2. This workshop I’m doing this week … completely unsurprisingly … was full of new things to learn. I’m excited by that, but also, REALLY? I STILL DON’T KNOW IT ALL? I have an opportunity to get certifications to be a Master Trainer, and Master Coach, so all those things are actually short term goals that will be met within the next two years. These are things that I can do independently anywhere at any time over a huge multiverse of situations and people. Fun and satisfying work … and I mean WORK as in life’s work. Not a job that too many people are stuck in. Honestly this is one of the best places I have worked. Quite satisfied here.

3. Netflix and Spotify (not a paid endorsement).

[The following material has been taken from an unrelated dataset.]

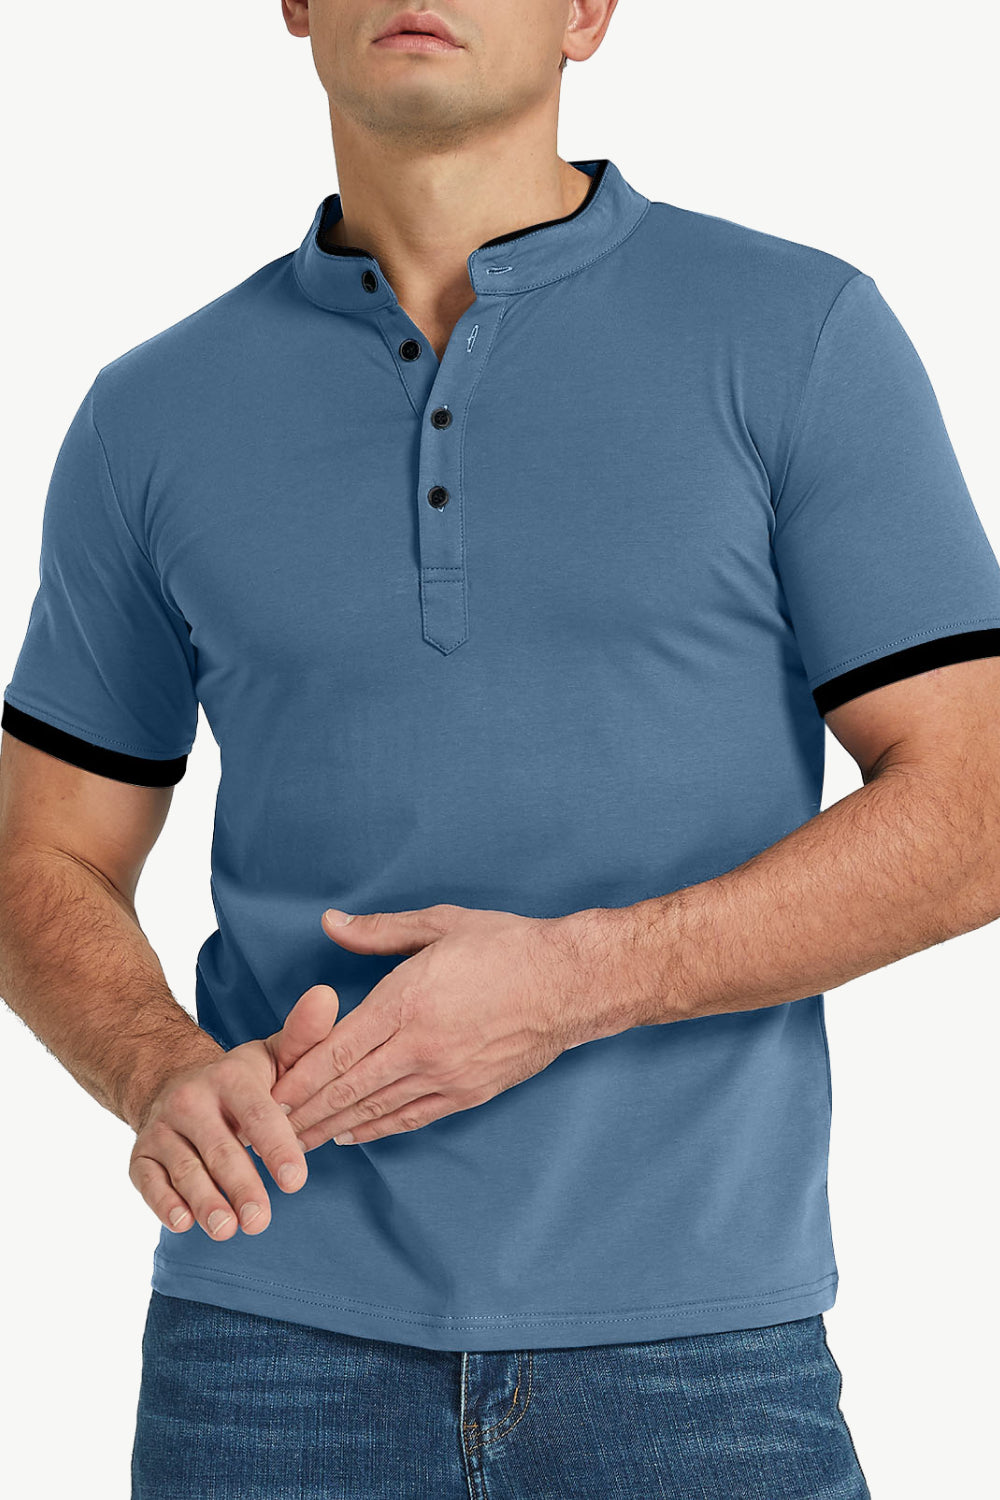 Contrast Short Sleeve Tee Shirt

OK, thanks, billiionaires, for these two things, because we need our entertainment and all. Lately, I’ve been using my spotify app to play through my fancy Bose (not a paid endorsement) sound bar that sits in front of my Nikai TV (not a paid endorsement). The sound quality is super duper, so i spend a lot of time in my fancy mustard color armchair staring out at the Abu Dhabi skyline. I do a LOT of Zen thinking in that state of awareness. Good times. Also, listen to Spotify when walking outside on the corniche listening through my PowerBeats wireless headphones (now owned by Apple – not a paid advertisement). FB, are those enough brands to help you to shove more useless ads in my face now? Also, every word I just wrote is officially your intellectual property now, cuz that’s what I agreed to when I signed up to use your “free” service.

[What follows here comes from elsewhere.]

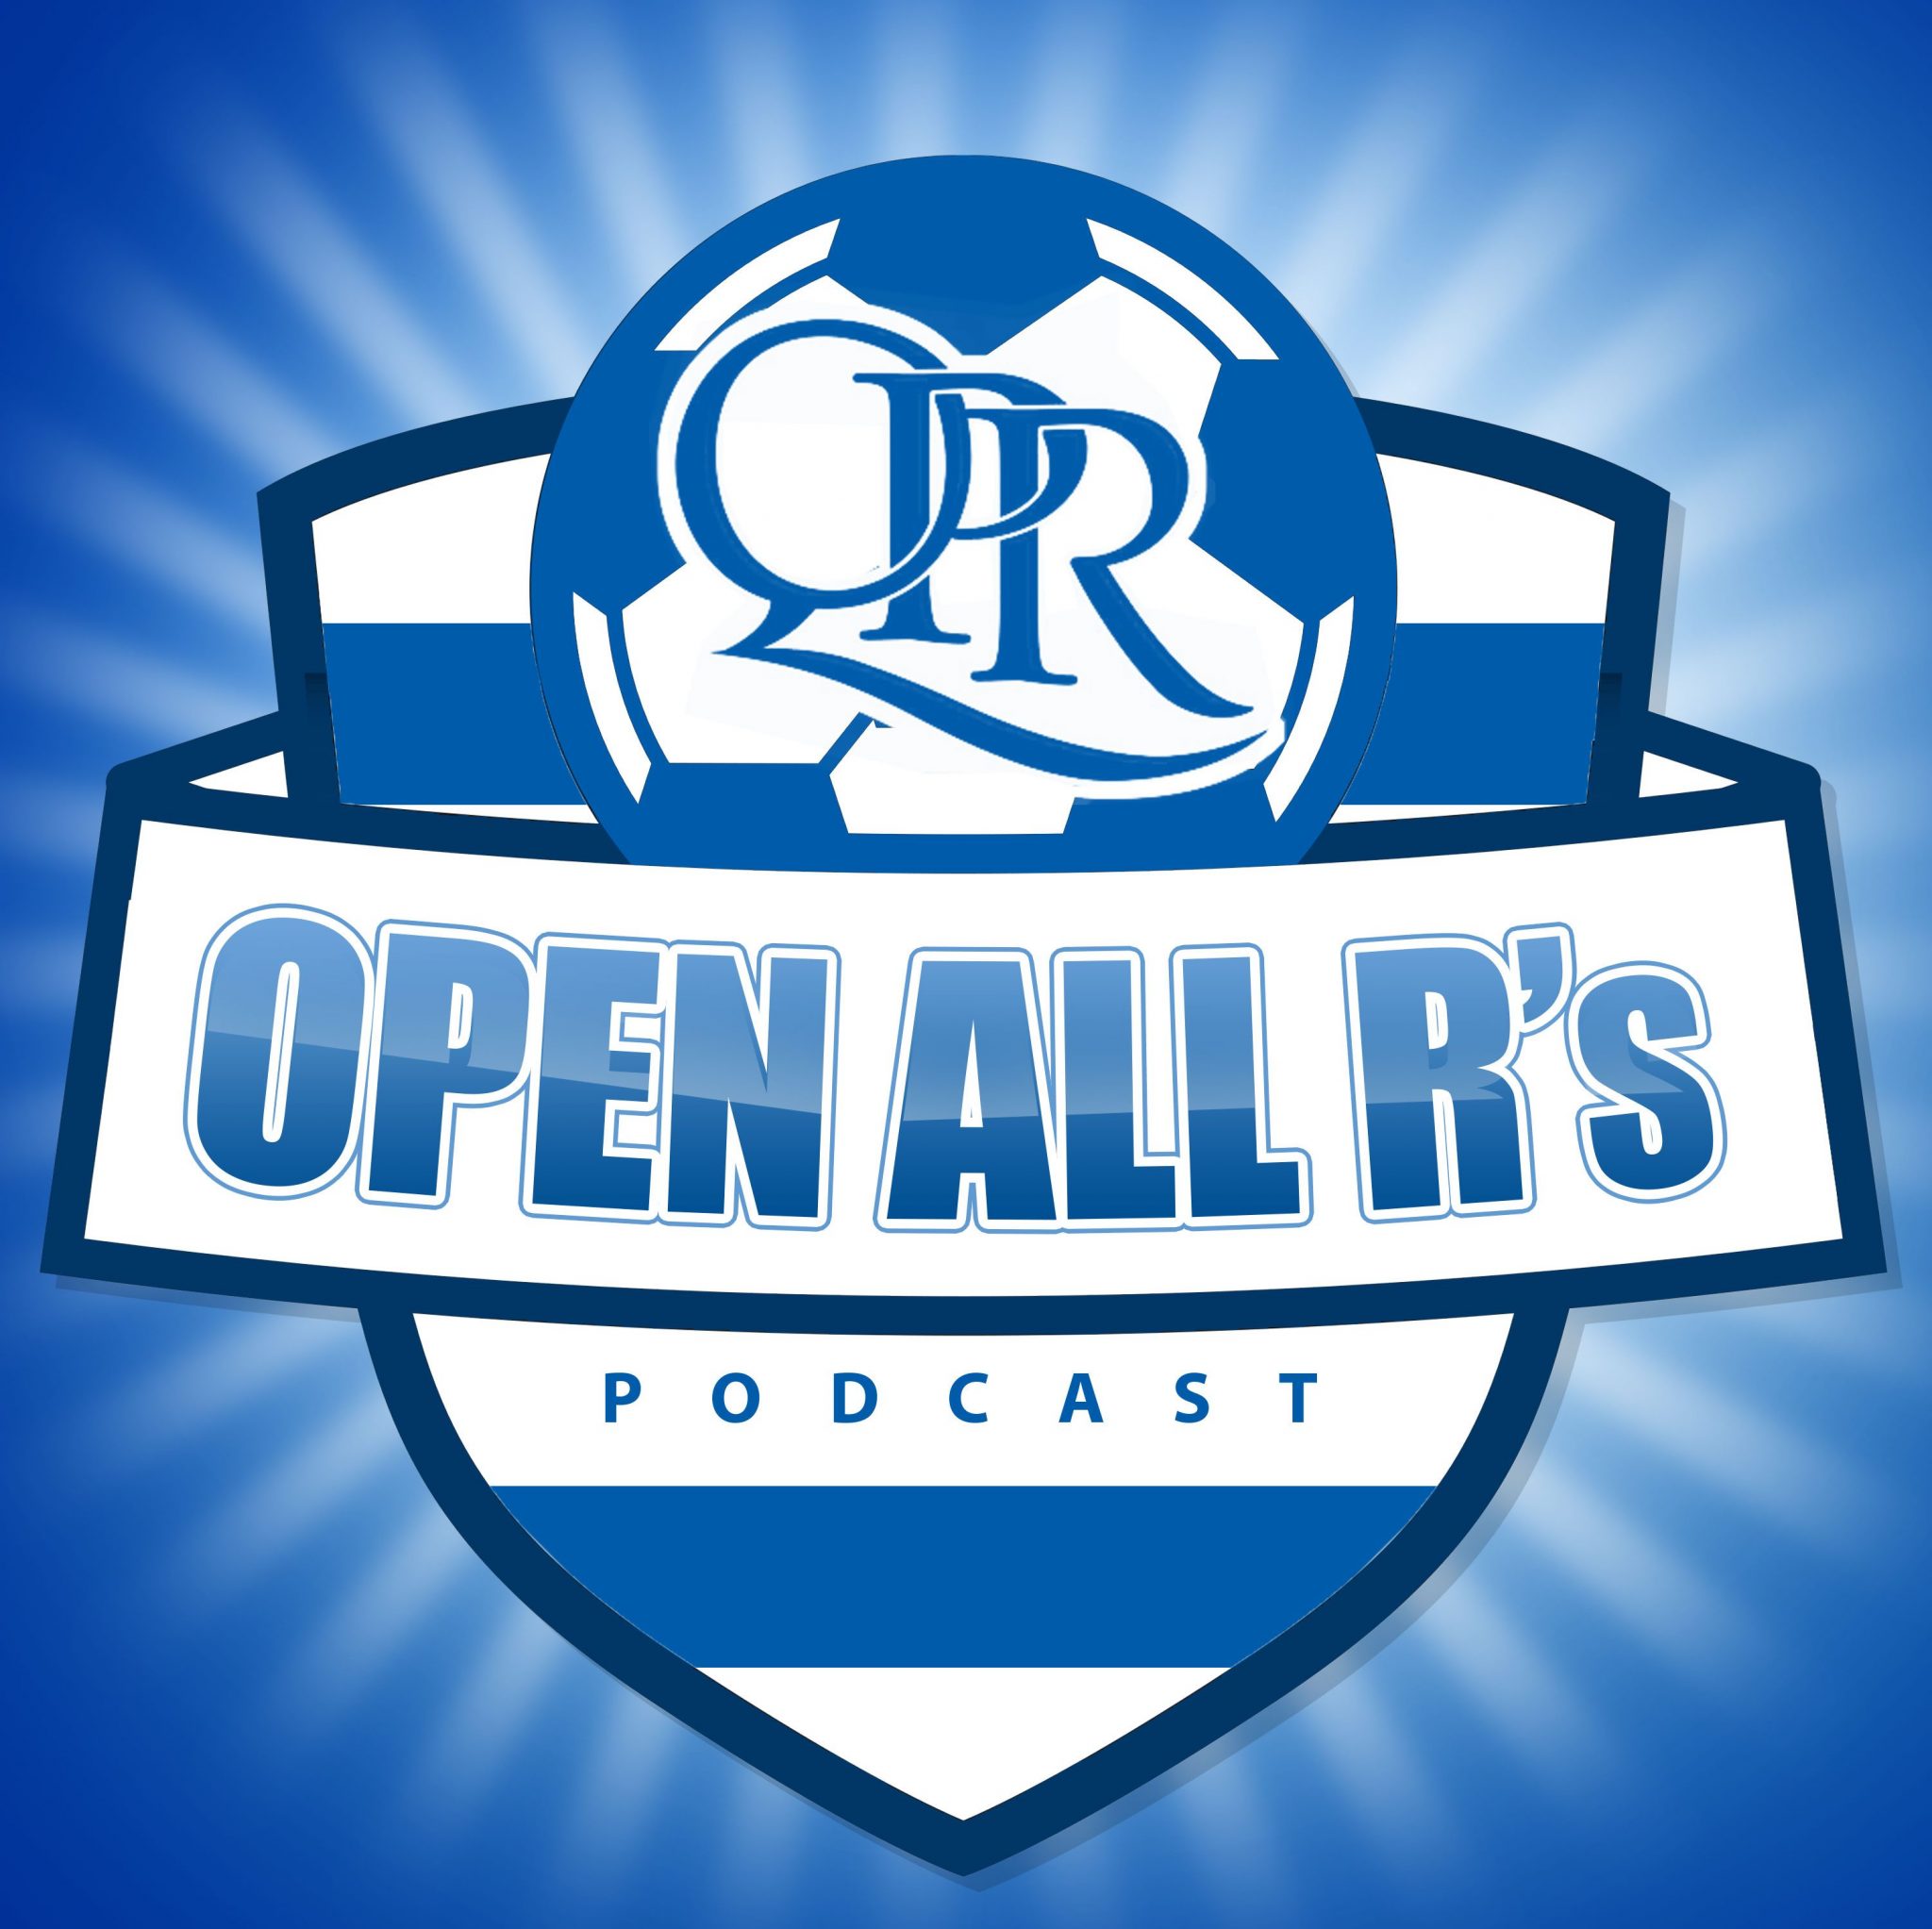 QPR Podcast

4. I’m sitting on a surprise announcement. Suffice it to say, I hope you have some rainy day money for early summer that you’d be willing to spend (I’ll be asking more directly for money in future, when I’m edging closer to homelessness, but things are good right now, the money goes to your airplane tickets, and no, you aren’t flying to Abu Dhabi – oh I just can’t say more). If #4 ain’t clickbait, then I don’t know what clickbait is.

Note: #4 above was a planned trip back to Moloka’i, scene of the wedding over 30 years ago. So, um, that’s not gonna happen, now, is it?

September Sung (2001, just after 9/11)

“Oh it’s a long, long time/from May to December”

The evening of September 10th, 2001, I lay on my back in the dark. I was on a secluded beach, barely 1/2 a mile long, on Tioman Island, Malaysia. The island is a two-hour speedboat ride due east off the southeastern tip of peninsular Malaysia. Take a few moments if you will, to locate the country on a map somewhere and see if you see the island. It’s shaped like a bowling pin.

I can wait. Please, do me this favor and find the island.

OK? Let’s continue then.

Tioman is so far away from any city center that sure enough, as I had suspected, I was able to gaze up into the heavens, as I had many times and many years before when I served my country in the United States Peace Corps in Kenya. A lot of good memories flowed within and through me as I looked again at our glorious home called the Milky Way, and I could see where we on Earth are positioned within this galaxy, and I could remember again what tiny place I occupied in this universe of ours. I stared deep into that inky blue sky, savoring what might be my last chance to find such a remote place for a long time. The tide was out, and the waves provided the background music, while the salt air moved in and out of my body. I thought a lot about how good my life was, that I had a loving wife and beautiful daughter and that I could share good and bad times with them through my journey on earth. My view of the night sky was relatively unobstructed, as the waning moon would not come out until I was deeply sequestered in sleep in my air conditioned “chalet” that lie just 10 meters behind me as I gazed up. What was really exciting about that night was the anticipation of seeing a shooting star again. Our home, Earth, is showered daily with bits of ancient rock that find their way to our outer atmosphere, then, in a beautiful brief moment, they penetrate the atmosphere and tumble burning until they are vaporized. If you are good at using your peripheral vision, you can catch a star for the fraction of a second that it takes to burn up. If you are very lucky, you might even get a single second burn-up, or, for the very luckiest, a two-second show. A unique thing about this is that you are probably the only person on earth who gets this show at this particular moment, as if it’s a special gift, just for you…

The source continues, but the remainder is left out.